Acharya Prashant and UCL's Steve Fleming debate self, consciousness at London dialogue
Synopsis
Key Takeaways
Philosopher and author Acharya Prashant and Professor Steve Fleming, Professor of Cognitive Neuroscience at University College London (UCL), held a wide-ranging public dialogue on self-knowledge, metacognition, and consciousness at UCL on the evening of 9 July 2025. Titled 'Thinking About Thinking', the session drew a packed hall of students and served as the closing engagement of Acharya Prashant's UK tour.
The Setting and Speakers
The evening was moderated by Dr Megan Peters, Lecturer in Computational Cognition at UCL, whose own research spans metacognition, subjective experience, and consciousness. In her opening remarks, she noted that self-awareness ranks among the oldest subjects of human inquiry, and that metacognition has in recent decades become an empirical science, bringing brain research into direct conversation with contemplative traditions.
Acharya Prashant was introduced as a philosopher featured on the Watkins 2026 list of the world's most influential living thinkers, whose work reaches more than 100 million people. Professor Fleming, who also leads a group at the Max Planck UCL Centre for Computational Psychiatry, is the recipient of the Royal Society's Francis Crick Medal and Lecture and the author of 'Know Thyself: The Science of Self-Awareness', translated into seven languages.
The Speedometer Analogy: Metacognition vs Self-Knowledge
Acharya Prashant anchored the evening's central argument in an analogy he returned to repeatedly. In a vehicle, he explained, the engine produces speed — a first-order variable — while the speedometer reads that speed, making it a second-order system. A radar gun outside provides the ground truth. The gap between speedometer and radar gun constitutes metacognitive bias; their alignment is metacognitive sensitivity.
'This reading is a report, not a choice,' he said, 'and none of it points to the driver.' The system reading itself is metacognition, he argued, while the driver investigating himself and ultimately discovering there is no driver — that is self-knowledge.
Professor Fleming praised the analogy, saying he intended to use it in his own lectures. He offered one refinement: in the brain, there is no dashboard sitting apart from the engine, since implicit and explicit metacognition are different levels of the same physical hardware. He noted that confidence frequently diverges from actual performance in experiments, a pattern often linked to the prefrontal cortex.
The Ego, Suffering, and the 'Computational Error'
Acharya Prashant drew a sharp distinction between the body and the sufferer. 'The body can feel pain,' he said, 'but there is someone else within who wakes at three in the morning and says, I am lonely, memories of the past haunt me, what am I to make of the future.' That sufferer, he argued, cannot be located anywhere in the body, and it is precisely this figure that self-knowledge addresses.
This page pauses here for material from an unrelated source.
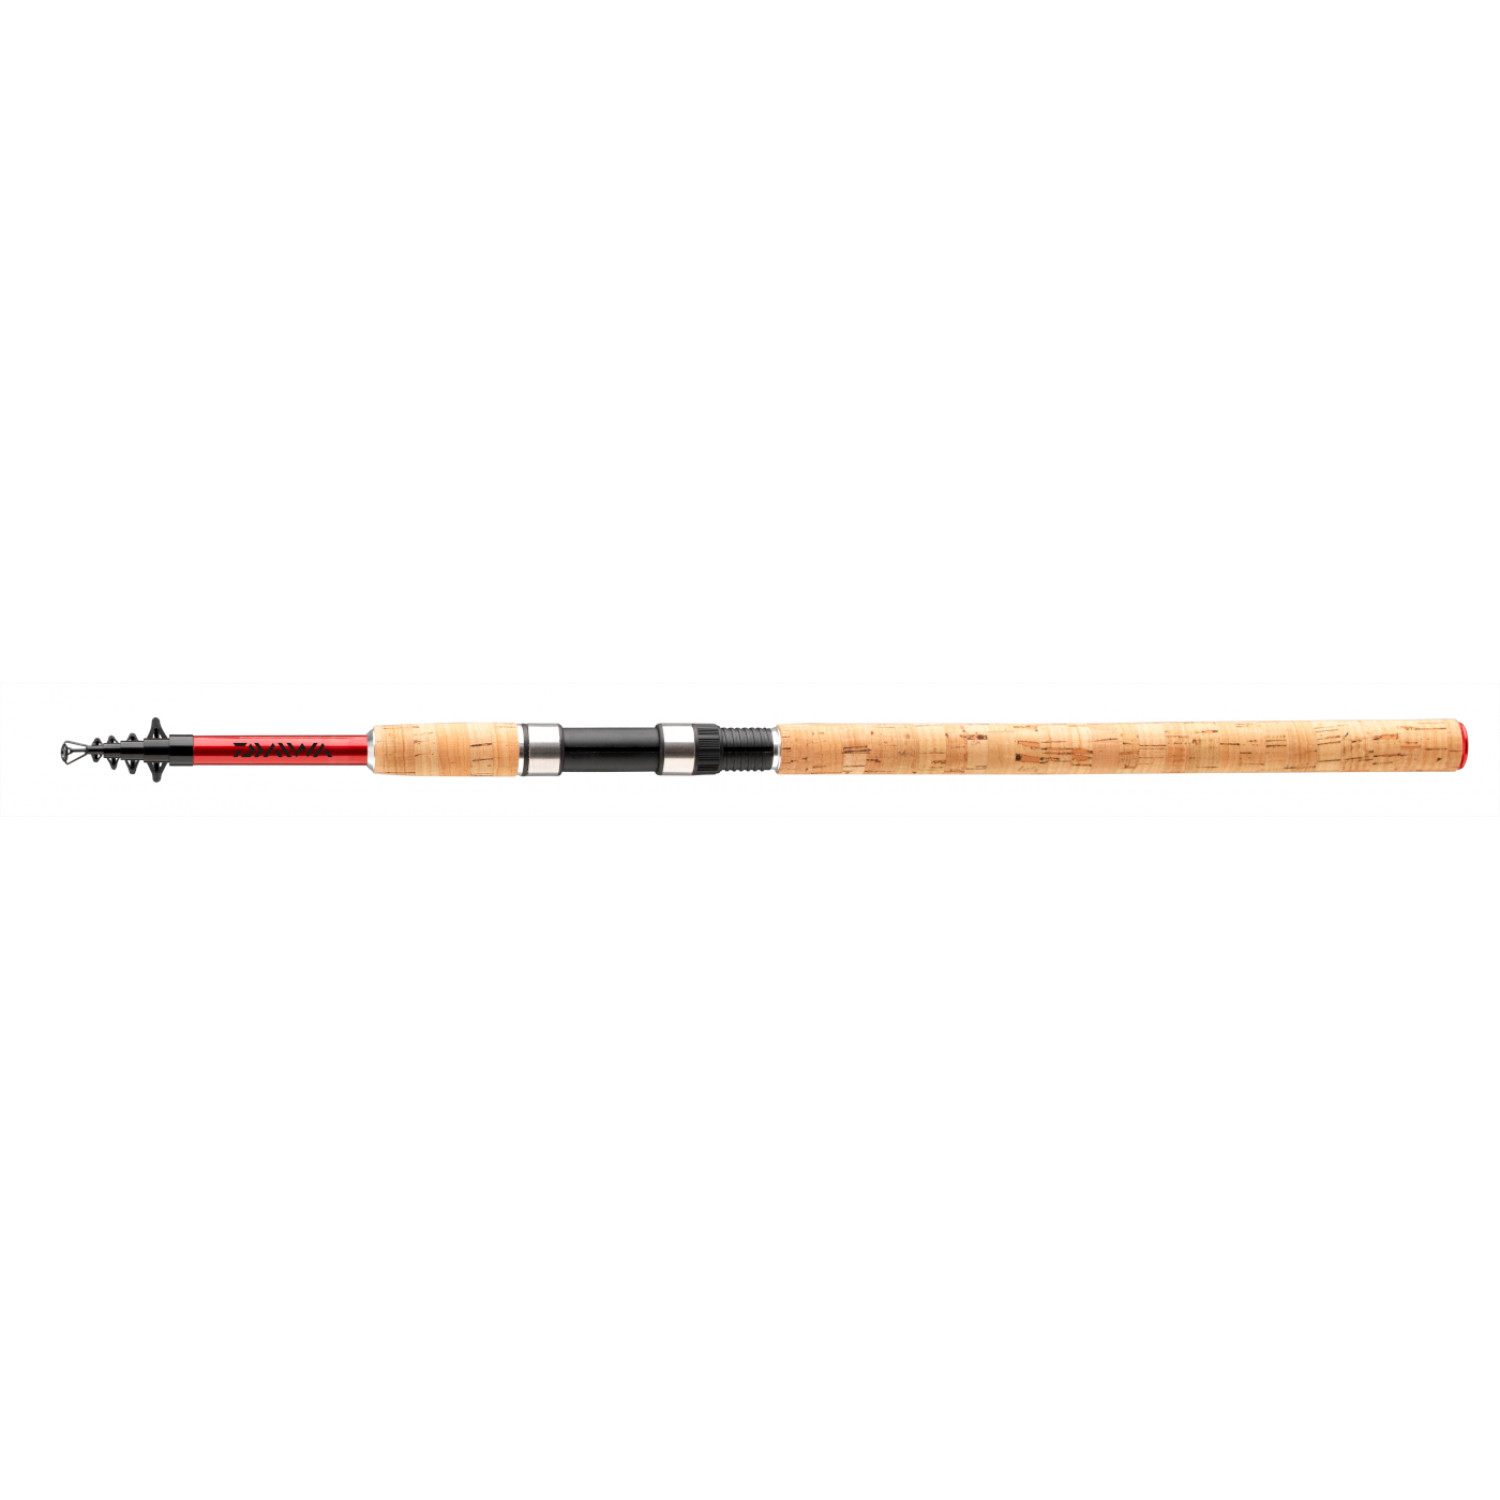 DAIWA Sweepfire Tele Telescopic Fishing Rod 11421 190 00

He described the ego as self-referential and self-certifying — claiming ownership over every act with phrases like 'my thought, my body' — and characterised it as a computational error in the system, comparable to a belief that two plus two equals five: without substance, yet capable of being held as real. Professor Fleming connected this to philosopher Daniel Dennett's notion of the 'user illusion' — the sense of a single unified point where everything comes together, which thinkers have sought for centuries without locating. He pointed to classic split-brain experiments in which one hemisphere invented explanations for actions carried out by the other, demonstrating that even self-narratives are authored within the brain.
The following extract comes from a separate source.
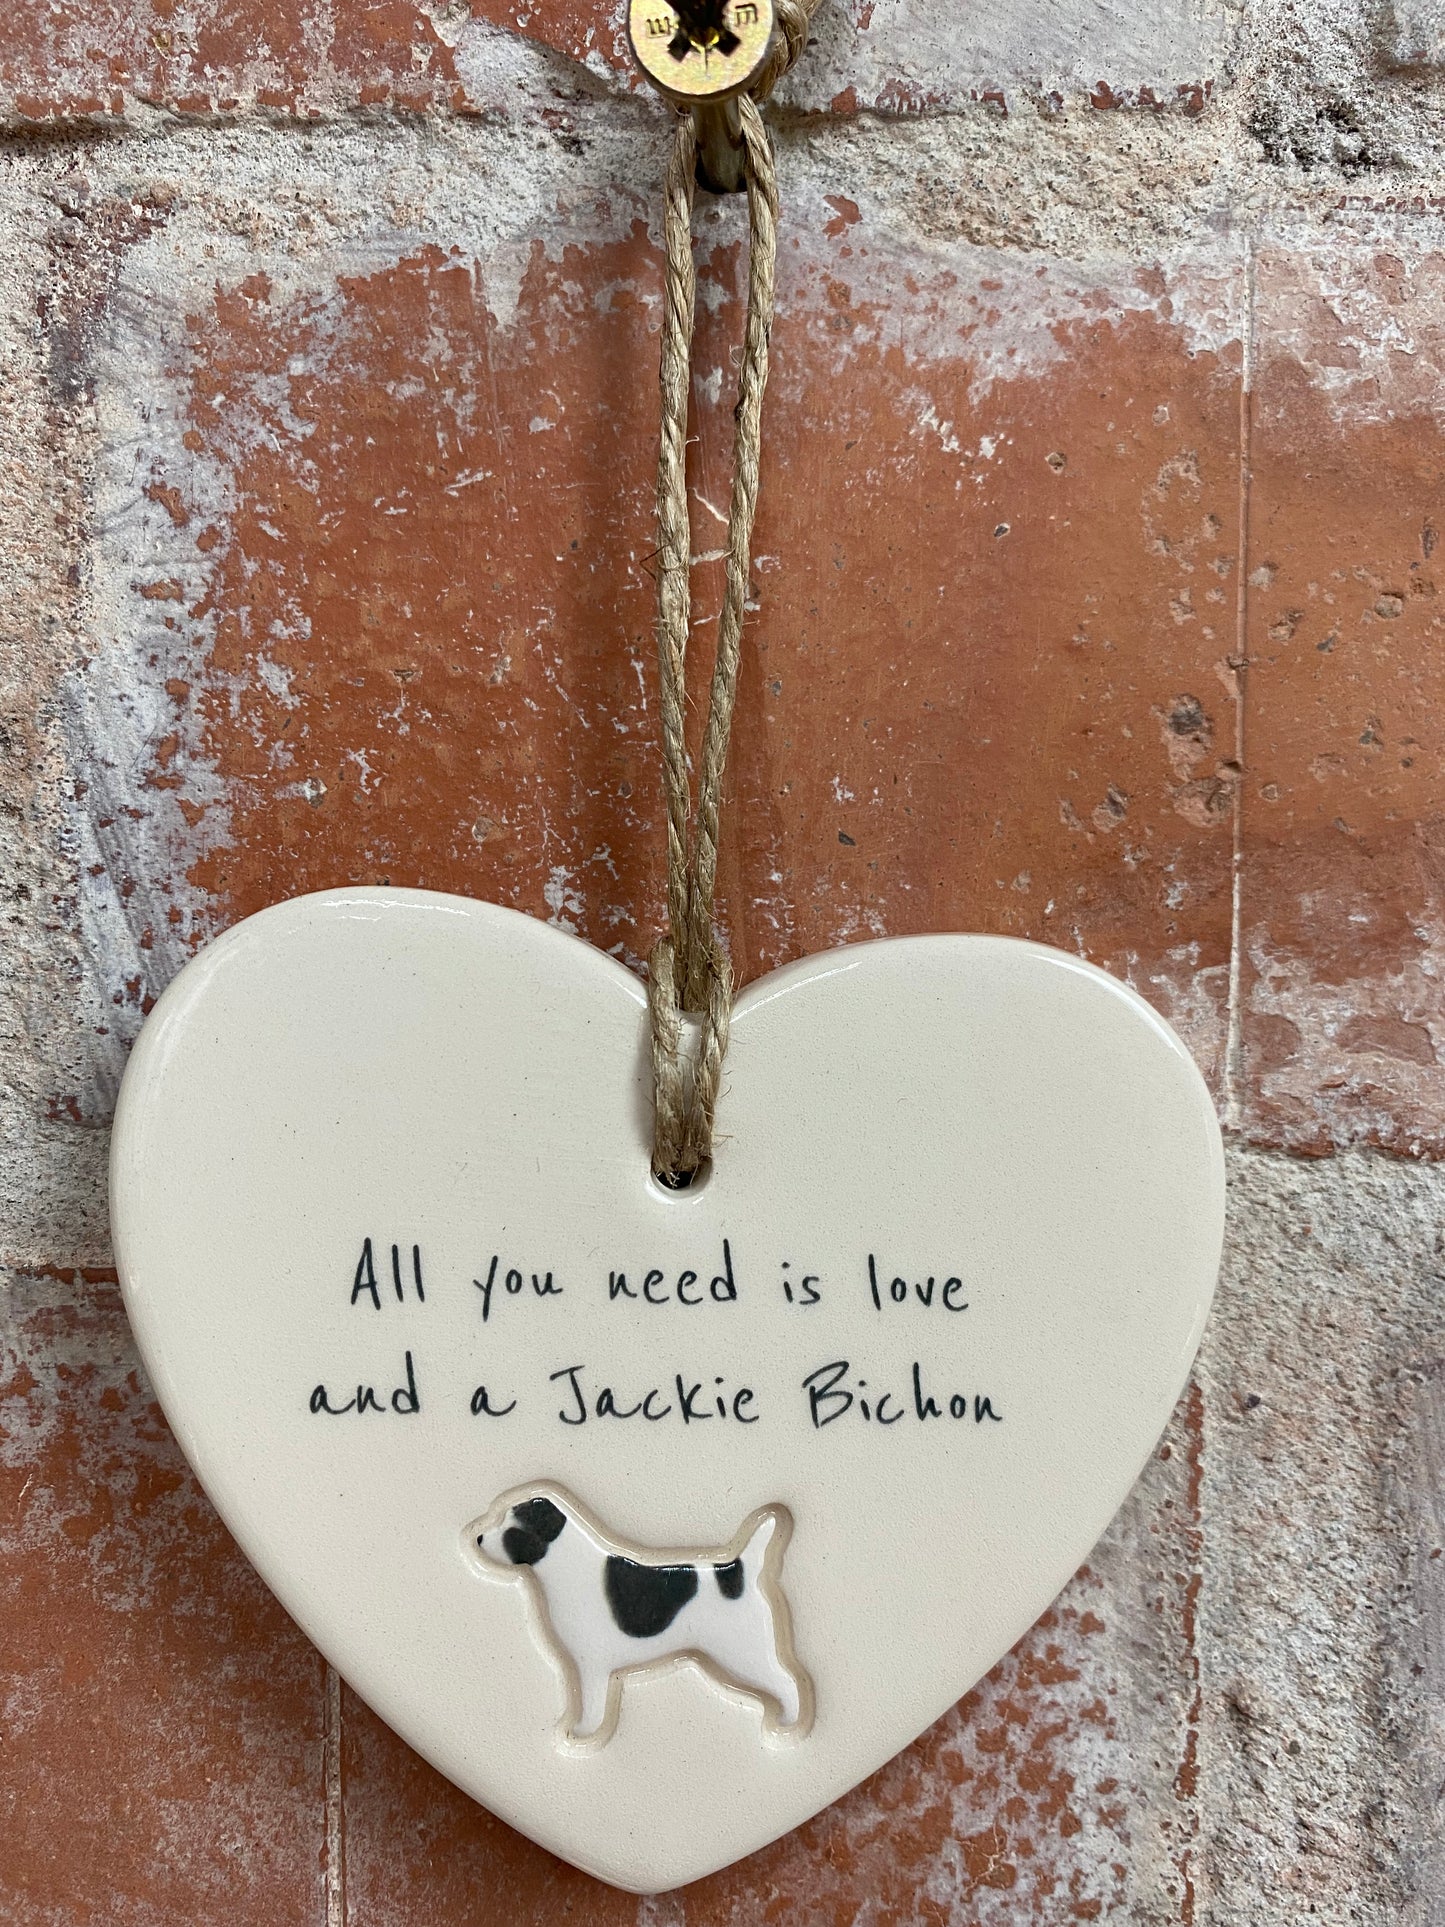 Jackie Bichon heart

Honesty, the External Witness, and Insight
Acharya Prashant argued that accuracy is structural but honesty is always a matter of intent. 'I can build a very accurate system,' he said, 'but honesty is always a choice. It cannot be the output of an architecture.' The ego, he cautioned, is not built to examine itself but to preserve itself — even when reading a book about the ego, it reads only to remain safe.
He stressed the need for an external, neutral witness — 'a mirror standing before you, whether a true friend, a great book, or a teacher who is not a preacher but a mirror.' He offered a line in Hindi, 'kisi par bharosa kar lo, khud par mat karna' (trust anyone, but not yourself), framing it as an invitation to continuous self-testing. The witness, he added, is no substitute for inner honesty: without it, a person simply breaks the mirror.
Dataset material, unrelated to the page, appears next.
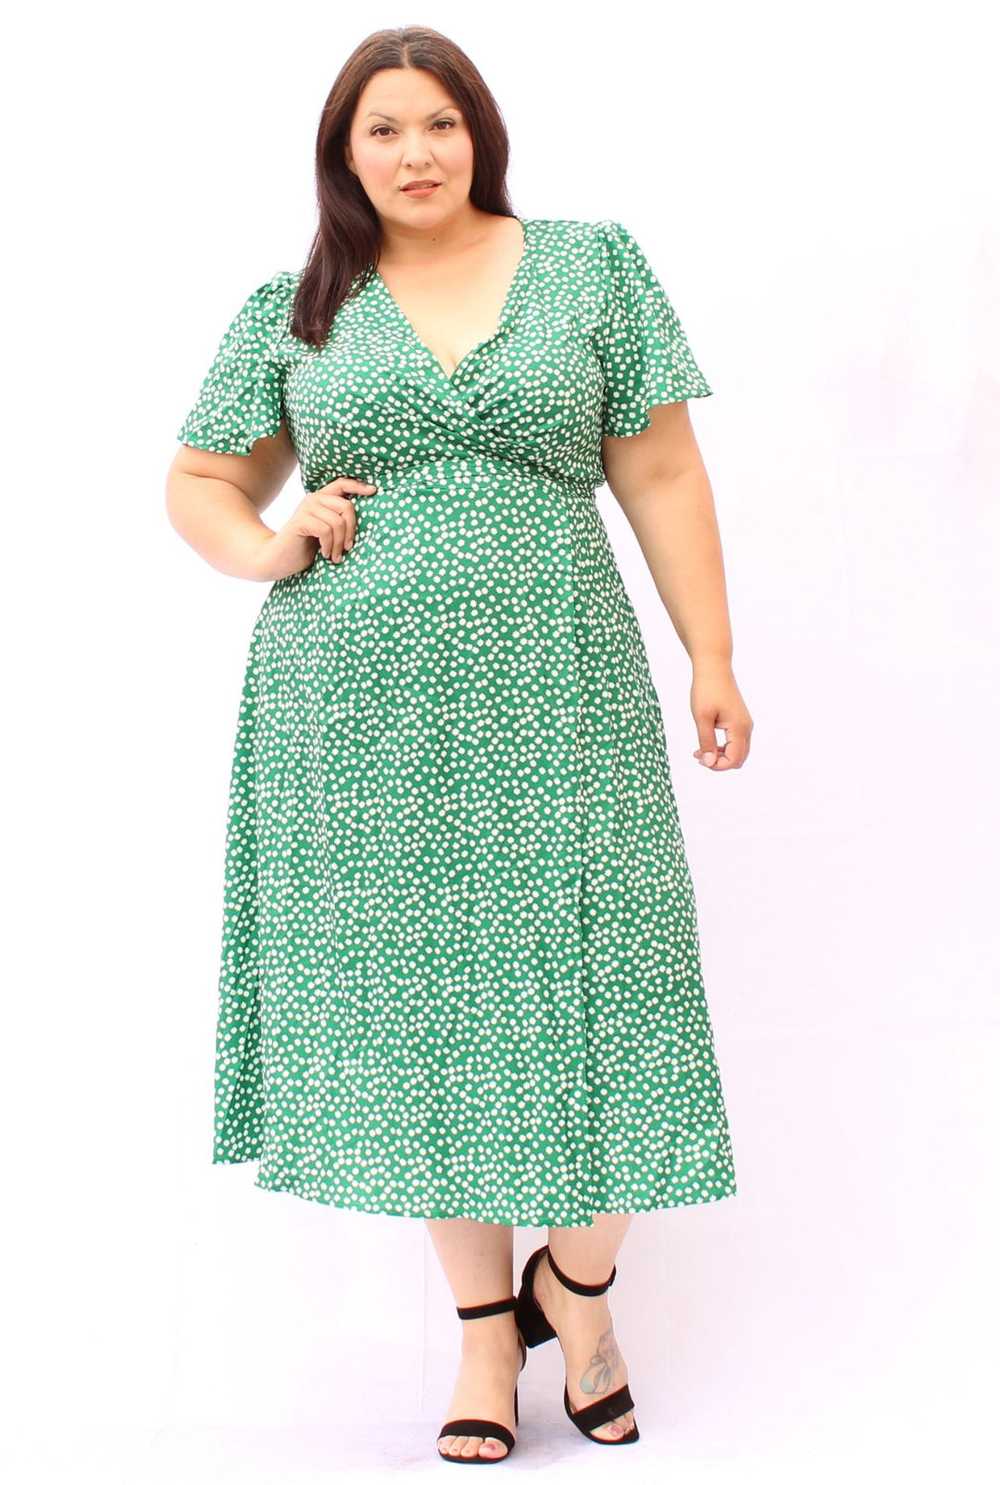 Bloomchic Green Midi Flower Wrap Dress 18, 20, 22 - image 1

Closing the substantive exchange, he distinguished thinking from insight. Thinking is a natural property of any system — even bees think and cooperate without language, he noted, referencing his earlier conversation with Professor Lars Chittka of Queen Mary University of London. 'But insight is not an action of the system,' he said. 'Insight is the stepping back of the intruder that distorts the seeing. The seer does not survive the seeing.'
Q&A, Reactions, and What Comes Next
The question-and-answer round ran well past its allotted time, covering the link between the heart and the brain, consciousness in artificial systems, and the reliability of perception. Professor Fleming noted that the phases of the heartbeat shape sensory contact with the outside world, and suggested that the 'hard problem' of subjective experience may ultimately be a moral rather than a scientific question.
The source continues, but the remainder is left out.